“A bill to require health insurance plans to provide coverage for fertility treatment, and for other purposes.”
No CRS summary available for this bill.
This section requires group health plans and health insurance issuers offering group or individual health insurance coverage to provide coverage for specified fertility treatments—including preservation of oocytes, sperm, or embryos; artificial insemination; assisted reproductive technology such as in vitro fertilization; genetic testing of embryos; fertility medications; and gamete donation—if the plan or coverage provides obstetrical services. Coverage must be provided for provider-determined appropriate fertility treatment at compliant facilities, regardless of infertility diagnosis; cost-sharing may not exceed that applied to other medical services (with Secretary to issue interim final regulations); and plans or issuers are prohibited from offering incentives to forgo treatment, restricting provider discussions, penalizing providers, or discriminating against covered individuals on specified civil rights grounds. (Thus, plans covering maternity care—which most do—must offer parity in fertility benefits such as IVF.) The section further requires written notice of the coverage to participants by January 1, 2027 (or earlier upon mailing/enrollment), annually thereafter; permits negotiation of provider reimbursements; and clarifies that no one is required to undergo treatment. These requirements are codified as new §2799A-11 in the Public Health Service Act and new §726 in ERISA.
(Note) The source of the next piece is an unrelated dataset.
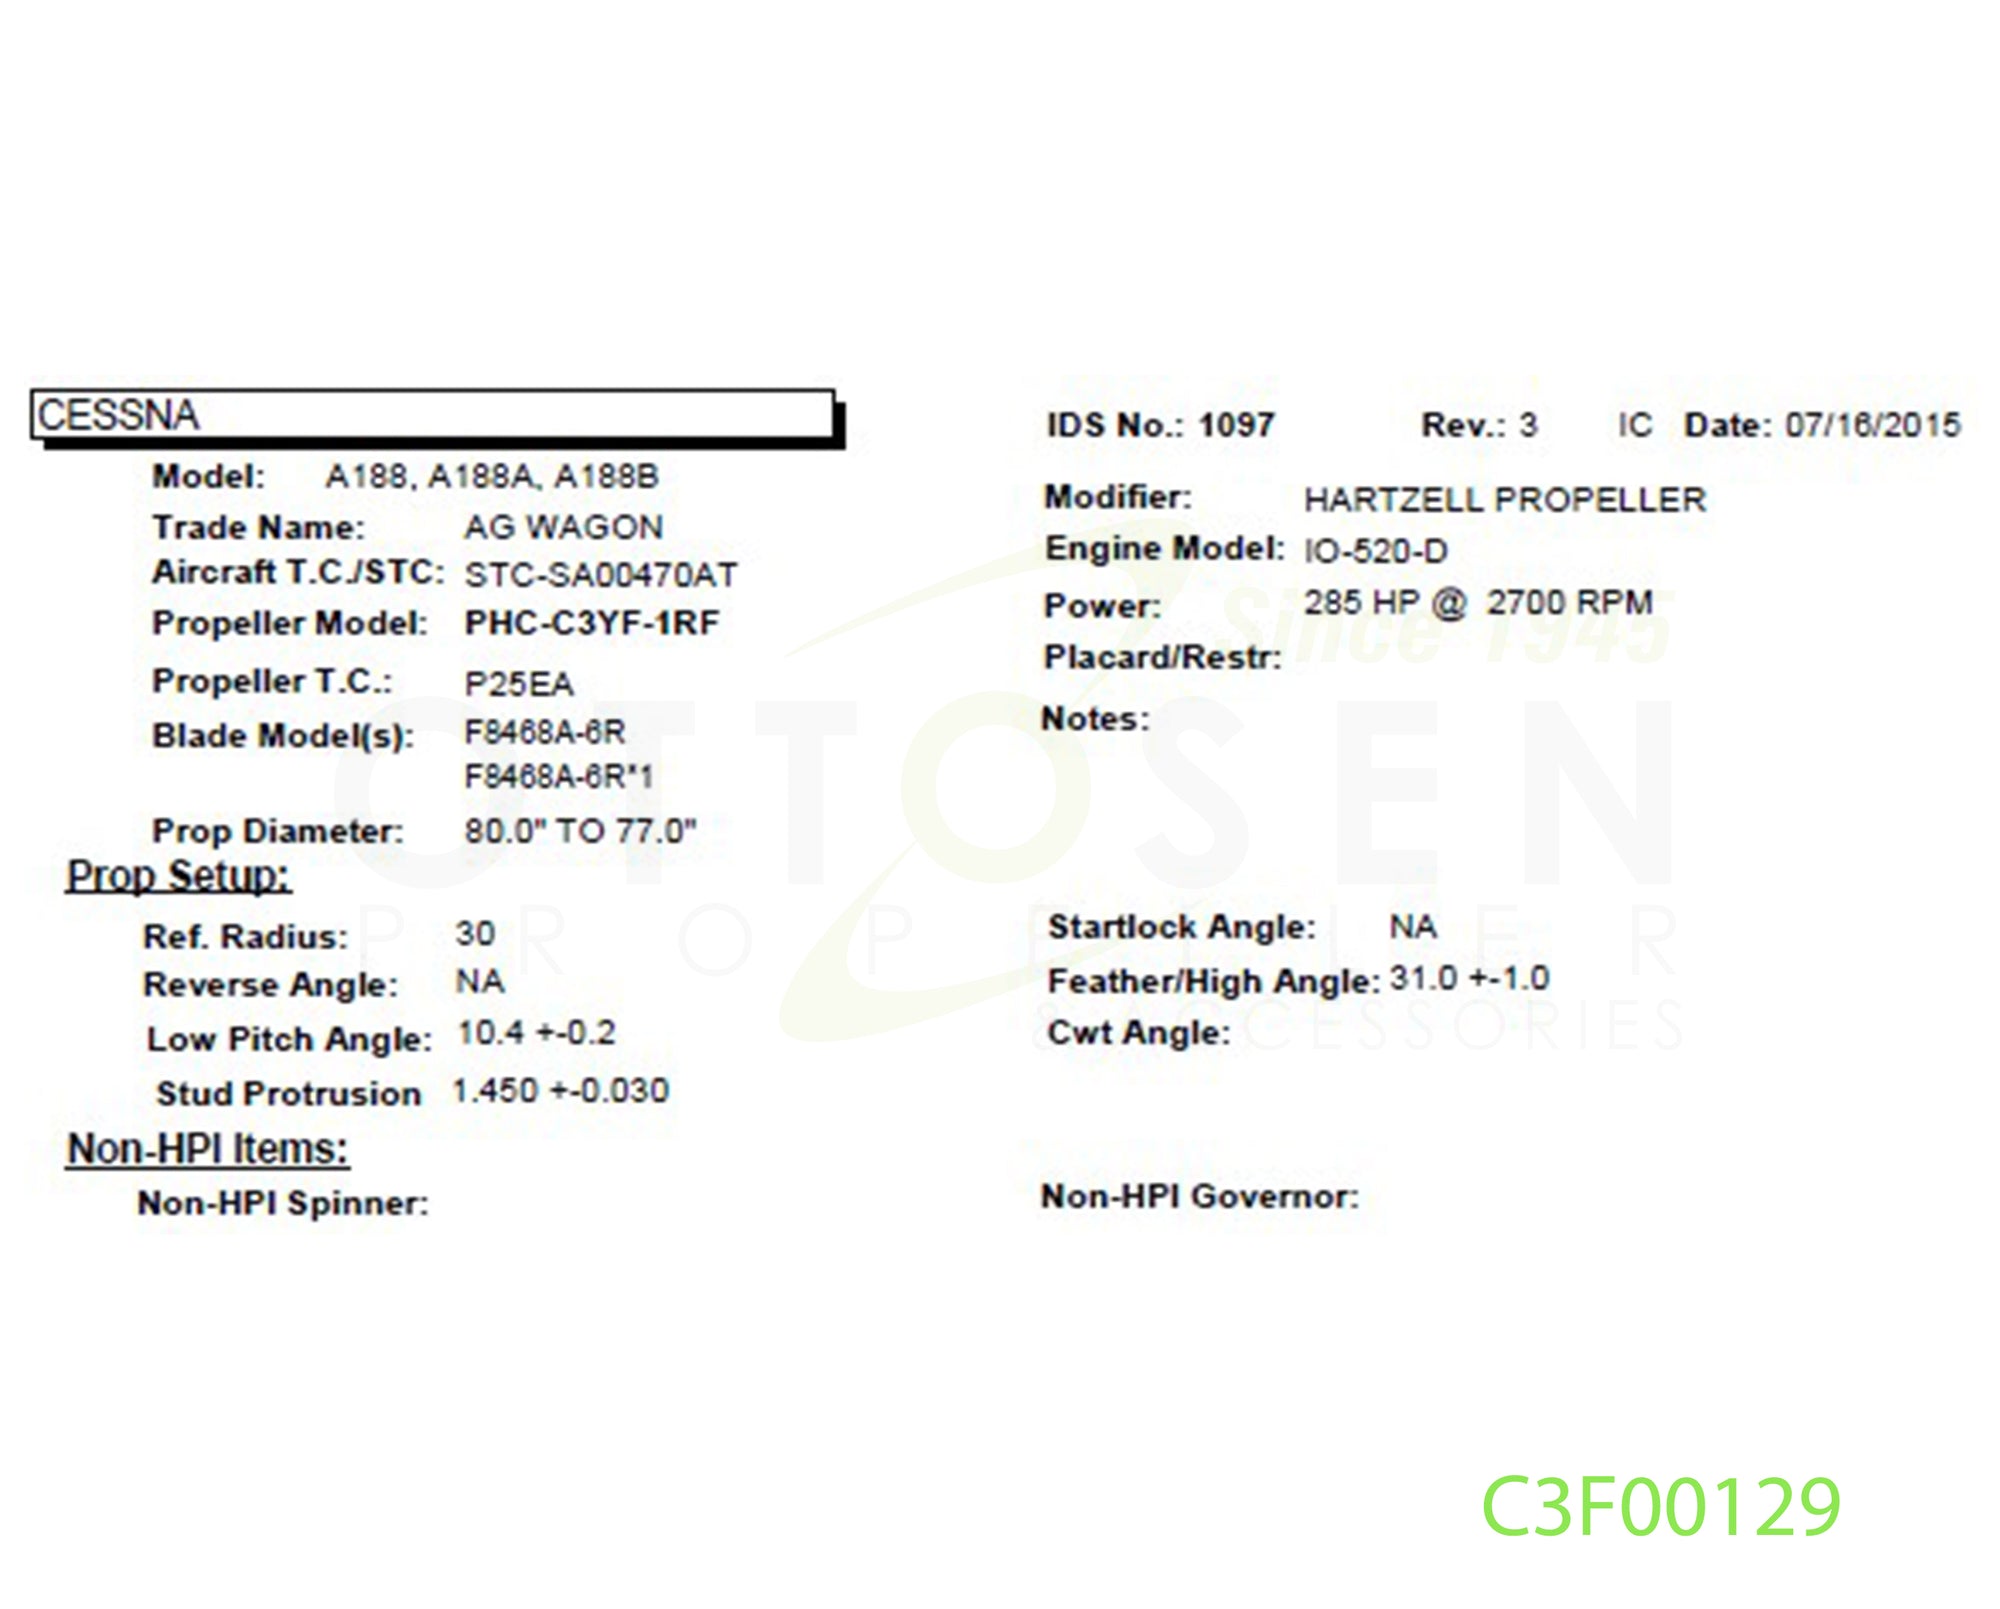 C3F00129-HARTZELL-PROPELLER-PHC-C3YF-1RF-F8468A-6R-SM6-PICTURE-1

This section requires contracts under the Federal Employees Health Benefits Program (FEHBP)—which provides health insurance to federal civilian employees, retirees, and dependents—to cover fertility treatment (as defined in section 2799A–11(b) of the Public Health Service Act (PHSA)) if the plan covers obstetrical benefits, consistent with PHSA section 2799A–11. Such coverage may not be subject to copayments or deductibles greater than those applicable to obstetrical benefits under the plan, and existing FEHBP restrictions under subsection (m)(1) do not prevent inclusion of these required terms. The requirements apply to contracts entered into or renewed for contract years beginning on or after 180 days after enactment.
This section requires TRICARE health care plans—serving active duty service members, retirees, and their families—to provide coverage for fertility treatment (as defined in section 2799A–11(b) of the Public Health Service Act), if such plans cover obstetrical benefits. Coverage must be provided in a manner consistent with section 2799A–11 of the Public Health Service Act, with cost-sharing requirements established by the Secretary of Defense to align with section 2799A–11(d) of that Act; the Secretary must also prescribe implementing regulations.
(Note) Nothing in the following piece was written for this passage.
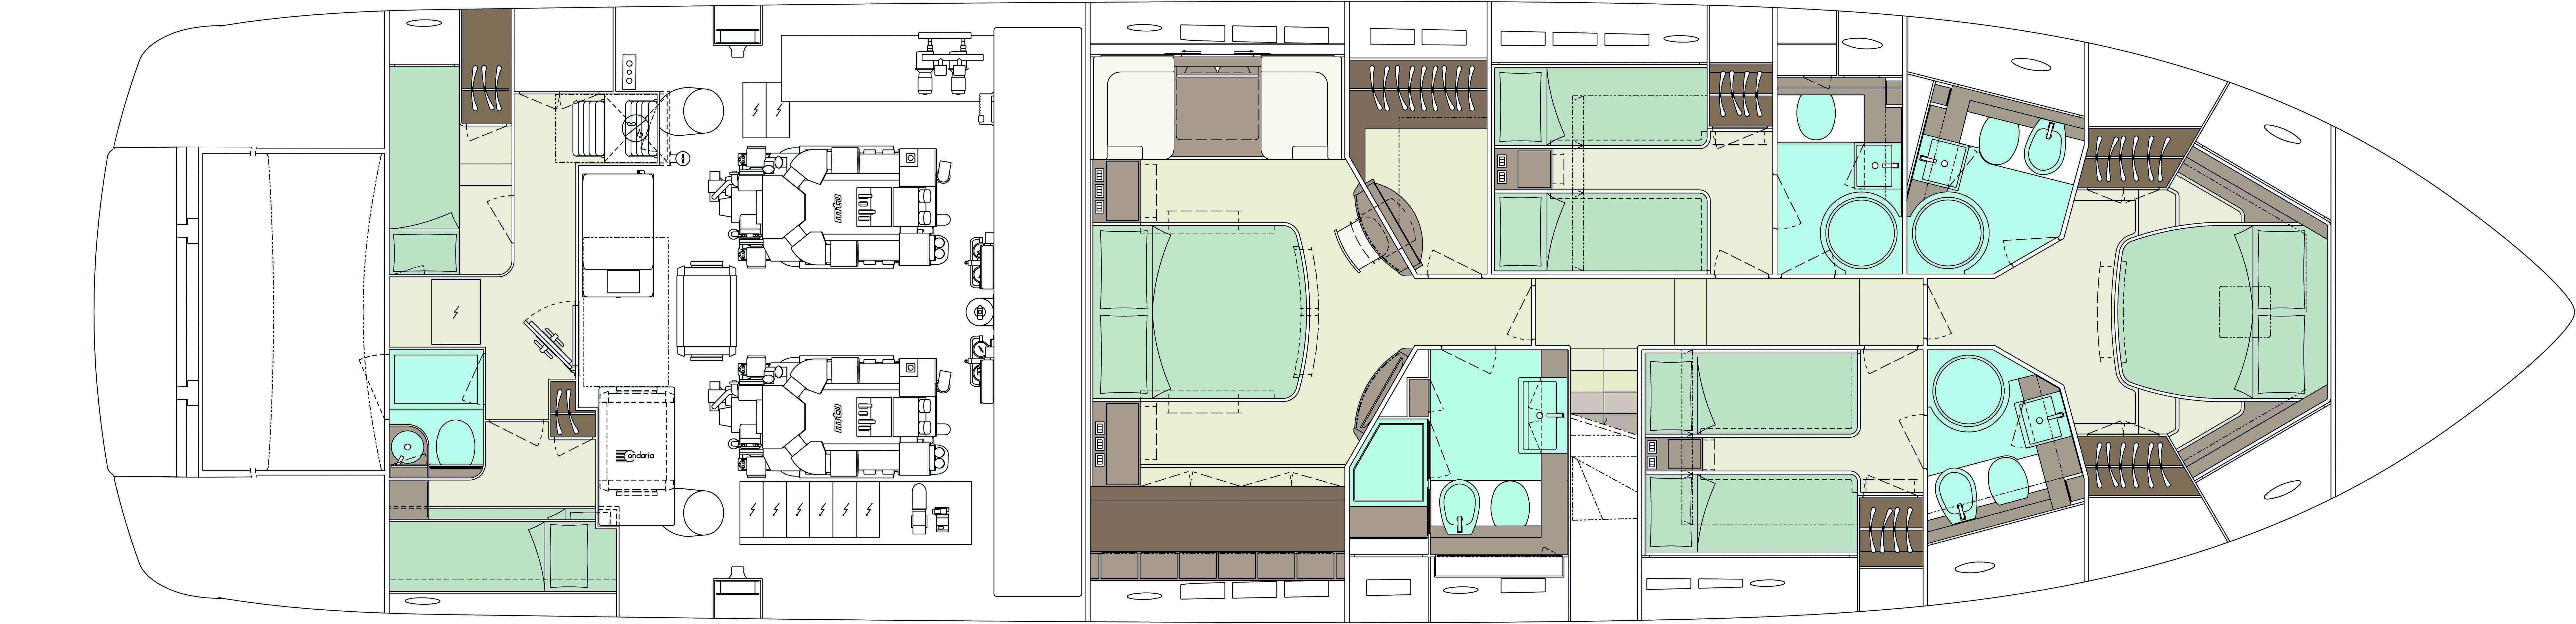 Manufacturer Provided Image: Riva 75' Venere Super Lower deck Layout Plan

This section establishes a new VA benefit under 38 U.S.C. §1720M requiring the Secretary of Veterans Affairs to furnish fertility treatment services (as defined in section 2799A–11(b) of the Public Health Service Act, i.e., including counseling, diagnostics, medications, and procedures such as in vitro fertilization) to a veteran or the veteran's spouse or partner if they apply jointly. It directs the Secretary to prescribe implementing regulations within 18 months of enactment.
This section requires state Medicaid plans to cover fertility treatment—provided in accordance with requirements of section 2799A–11(b) of the Public Health Service Act (i.e., as applied to group health plans and health insurance issuers)—as part of family planning services under section 1905(a)(4)(C) of the Social Security Act. It makes a conforming amendment to the federal matching payment provision for such services under section 1903(a)(5). The amendments take effect October 1, 2026, with a delay permitted until the first calendar quarter after the first regular legislative session ending within one year of enactment for states requiring legislation (treating each year of a two-year session as separate).
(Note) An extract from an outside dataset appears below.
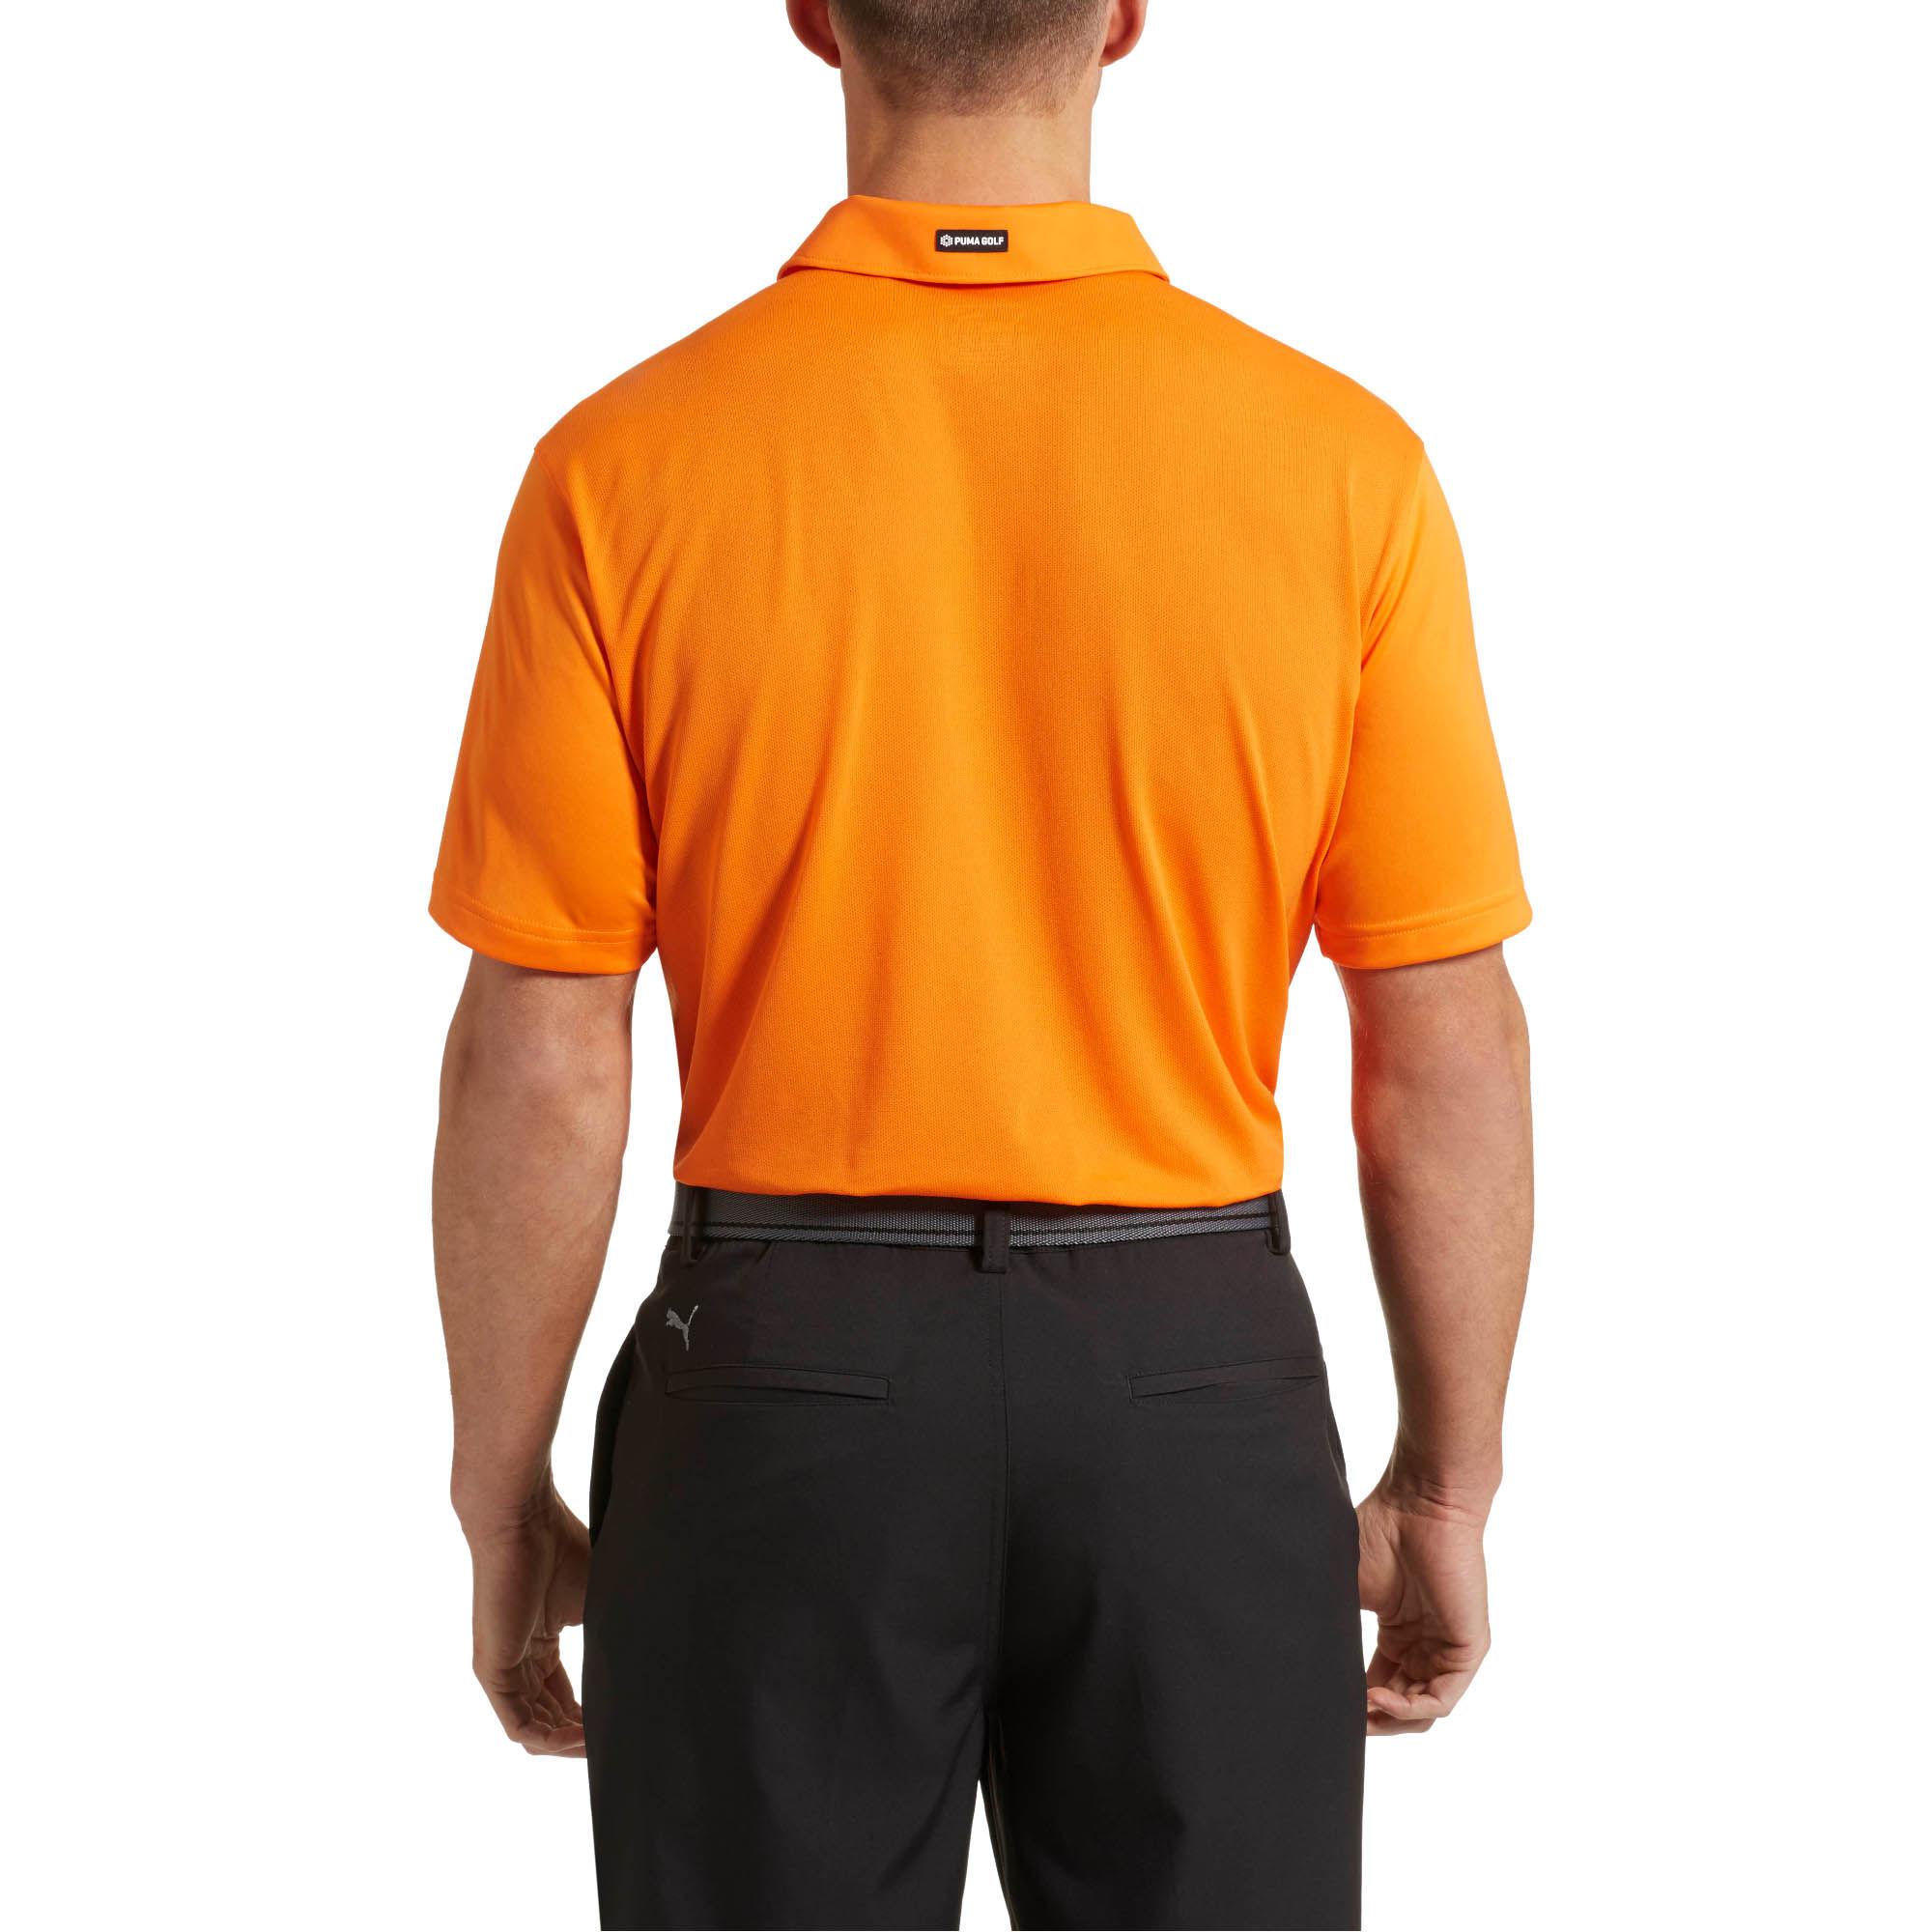 Lyst PUMA Pounce Golf  Polo  Shirt in Orange  for Men

This section establishes Medicare Part B coverage for fertility treatment (as defined in section 2799A–11(b) of the Public Health Service Act) for services furnished on or after January 1, 2026. It (1) adds fertility treatment to the list of covered outpatient services; (2) provides payment equal to 100 percent of the lesser of the actual charge or the physician fee schedule amount (thus, waiving the standard 20 percent coinsurance); (3) waives the Part B annual deductible; (4) applies the physician fee schedule to such payments; and (5) makes a conforming amendment to exclude fertility treatment from the prohibition on coverage for services not reasonable and necessary. (As background, Medicare Part B covers 80 percent of approved amounts for outpatient services—such as physician services—after the annual deductible, with beneficiaries responsible for 20 percent coinsurance; certain services, including many preventive services, are covered at 100 percent with no deductible or coinsurance.)